La hiérarchie des priorités et la dépolitisation du développement permettent donc de traiter la politique comme une distraction et de légitimer la mise en place de régimes de parti unique dans l’Afrique postcoloniale. Ces régimes sont décrits comme seuls à même de pousser la communauté à s'unir pour poursuivre ce noble objectif. À l’inverse, les divisions causées par le pluralisme ralentiraient cette quête. L'appel à un registre de l'autochtonie comme seconde source de légitimité renforce ces dynamiques. « De Senghor avec la négritude à Mobutu avec la "doctrine" de l'Authenticité (Bourmaud 2006, 630) », le nationalisme des nouvelles élites s'appuie sur ce registre afin de créer une unité entre les citoyens de ces nouveaux États dont les frontières ont été dessinées arbitrairement par la colonisation. Senghor développe ainsi une conception spécifique de la société africaine vue comme « fondamentalement une (Bourmaud 2006, 632) », ce qui la distingue des sociétés européennes. La coopération et l'entraide mutuelle découlent de cette unité fondamentale. Le parti unique s'impose alors, il est la forme

institutionnelle appropriée à ce passé africain mythique que la colonisation est venue déranger. Cette conception est au fondement des socialismes africains et se retrouve également chez Nyerere. L’ujamaa incarne la rencontre entre ces différents éléments idéologiques : primauté du développement, nationalisme et place centrale de l’État.
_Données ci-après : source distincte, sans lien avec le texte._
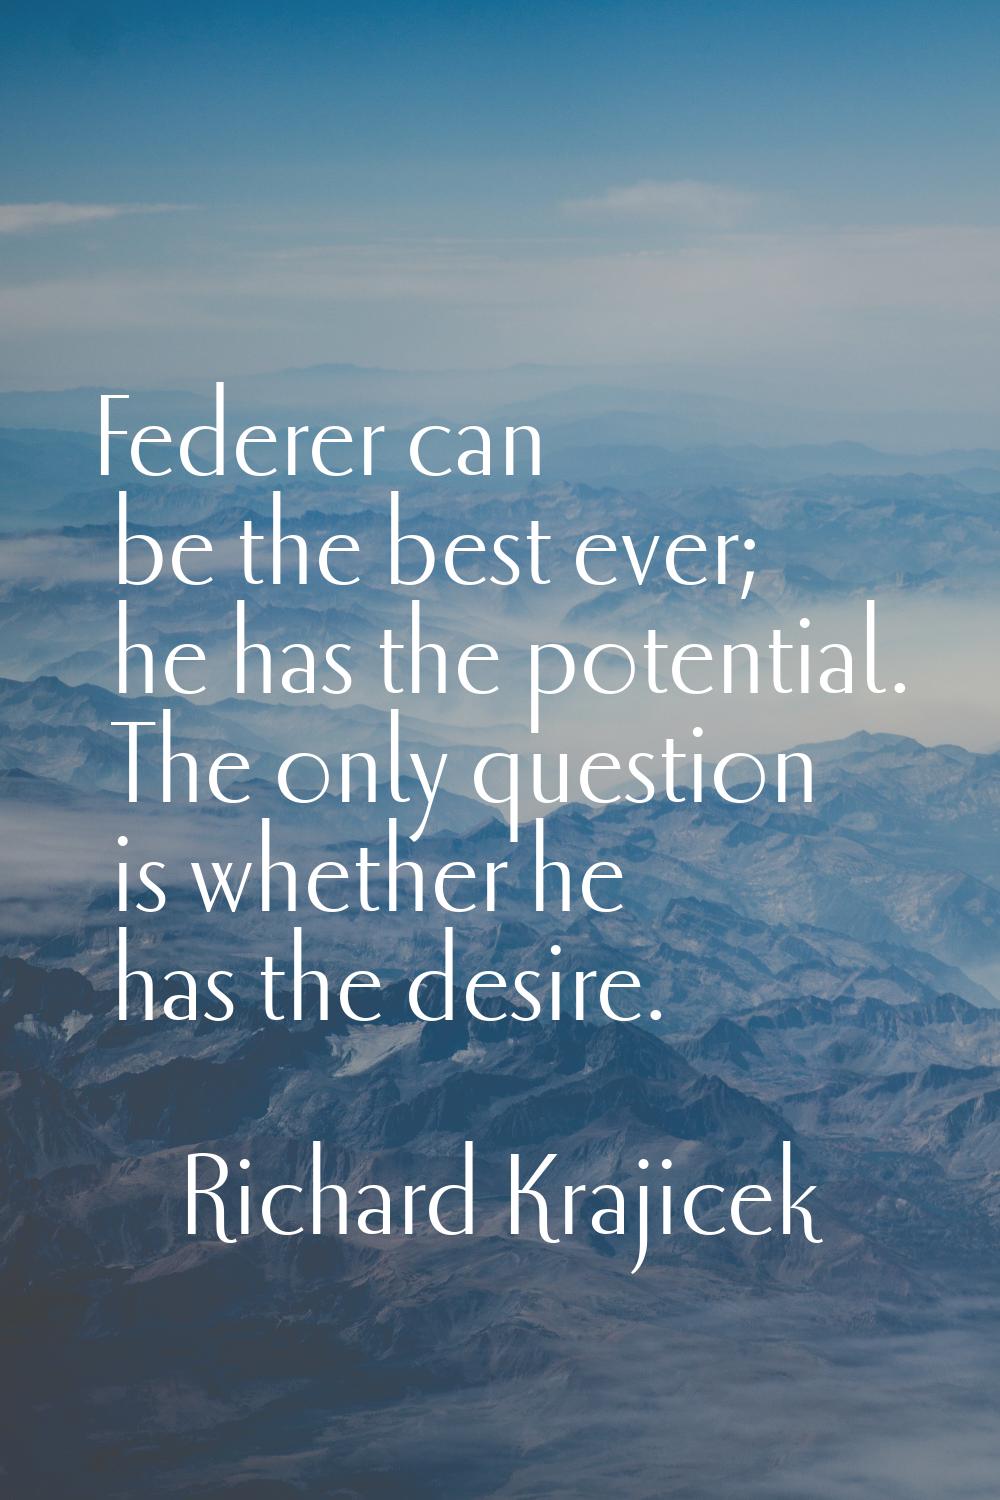 Federer can be the best ever; he has the potential. The only question is whether he has the desire.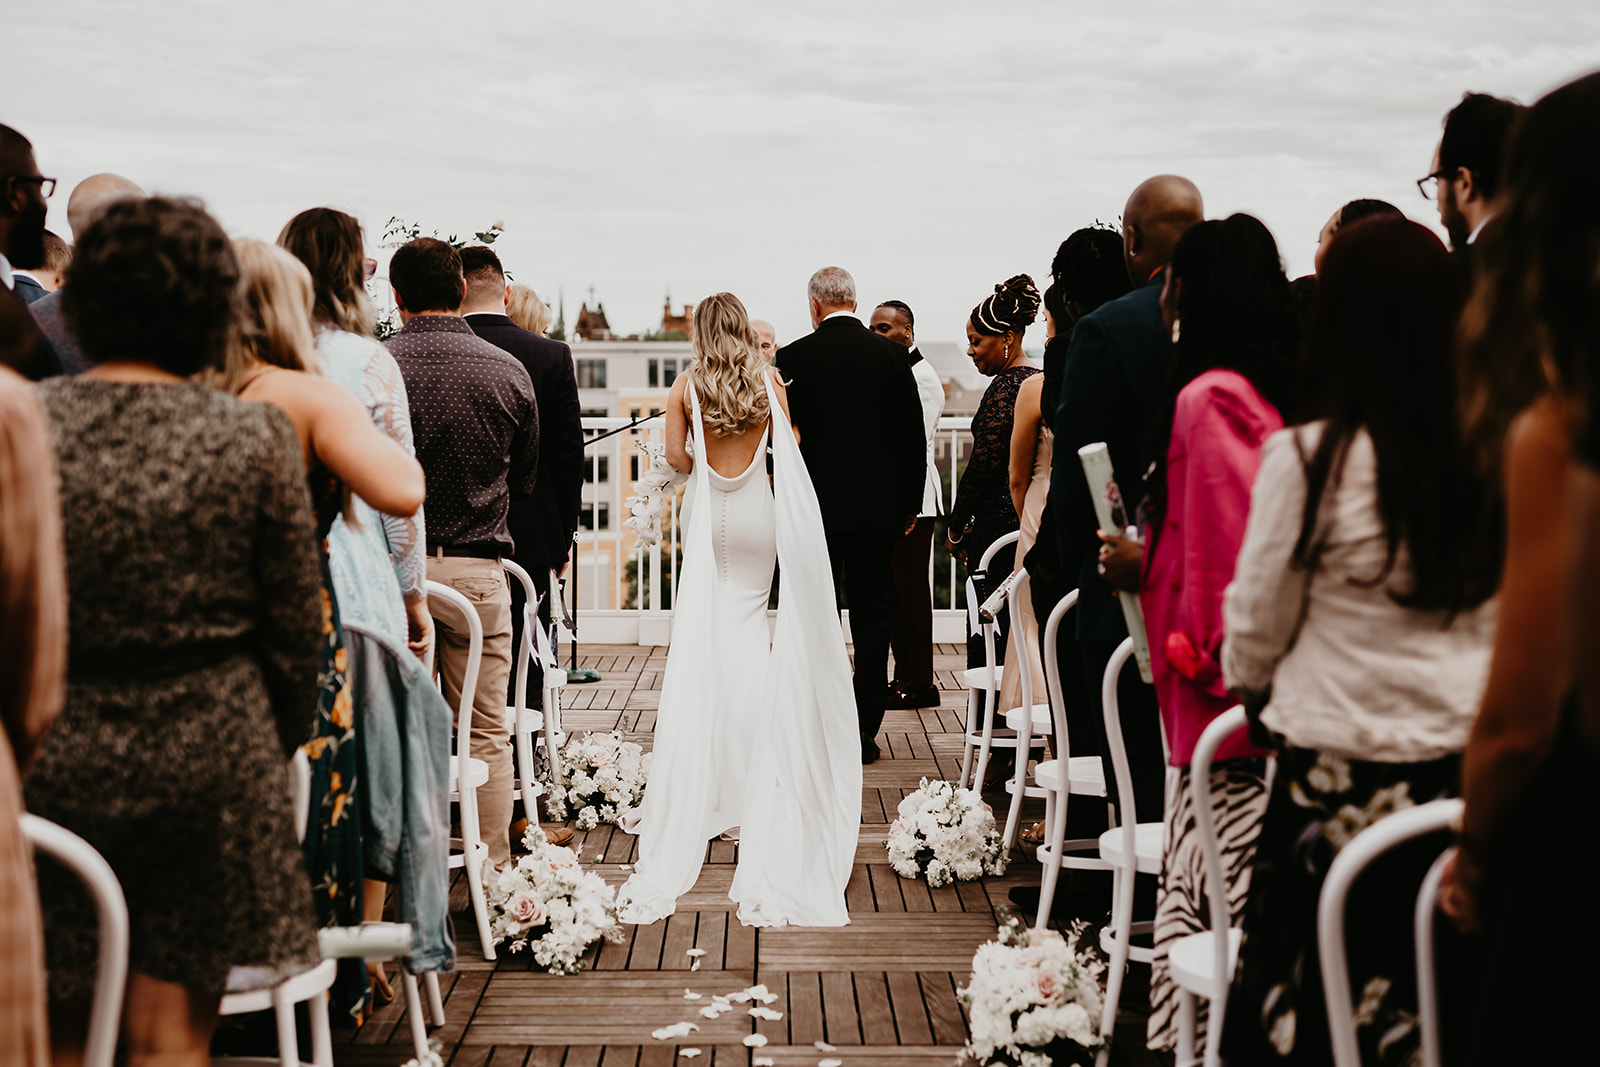 Chic rooftop wedding at The Lantern Room in Cleveland, Ohio - bride and groom exchanging vows.

Pour nombre d'auteurs, la résilience autoritaire en Afrique sub-saharienne et au Moyen- Orient s'explique donc par une forme de contrat social mise en place entre la population et le régime, qui garantit un certain nombre de bénéfices économiques et sociaux. Dans cette perspective, la démocratisation des années 1990 et le printemps arabe sont la conséquence des crises économiques qui ont touché ces États autoritaires et enrayé ce mécanisme. Les régimes qui s'étaient présentés comme les garants du développement ont alors nécessairement déçu les attentes des populations, perdant par conséquent leur légitimité. Par ailleurs, pour nombre d'auteurs, autoritarisme et développement sont par nature incompatibles, en particulier car les dynamiques néopatrimoniales qui caractérisent les régimes autoritaires entravent ce dernier (Diamond 1987; Bratton et Van de Walle 1997; Bates 2005). Dans ce cas, mécanismes de cooptation et de légitimation sont contradictoires, et un régime autoritaire fondant sa légitimité sur ses performances en matière de développement est intrinsèquement fragile.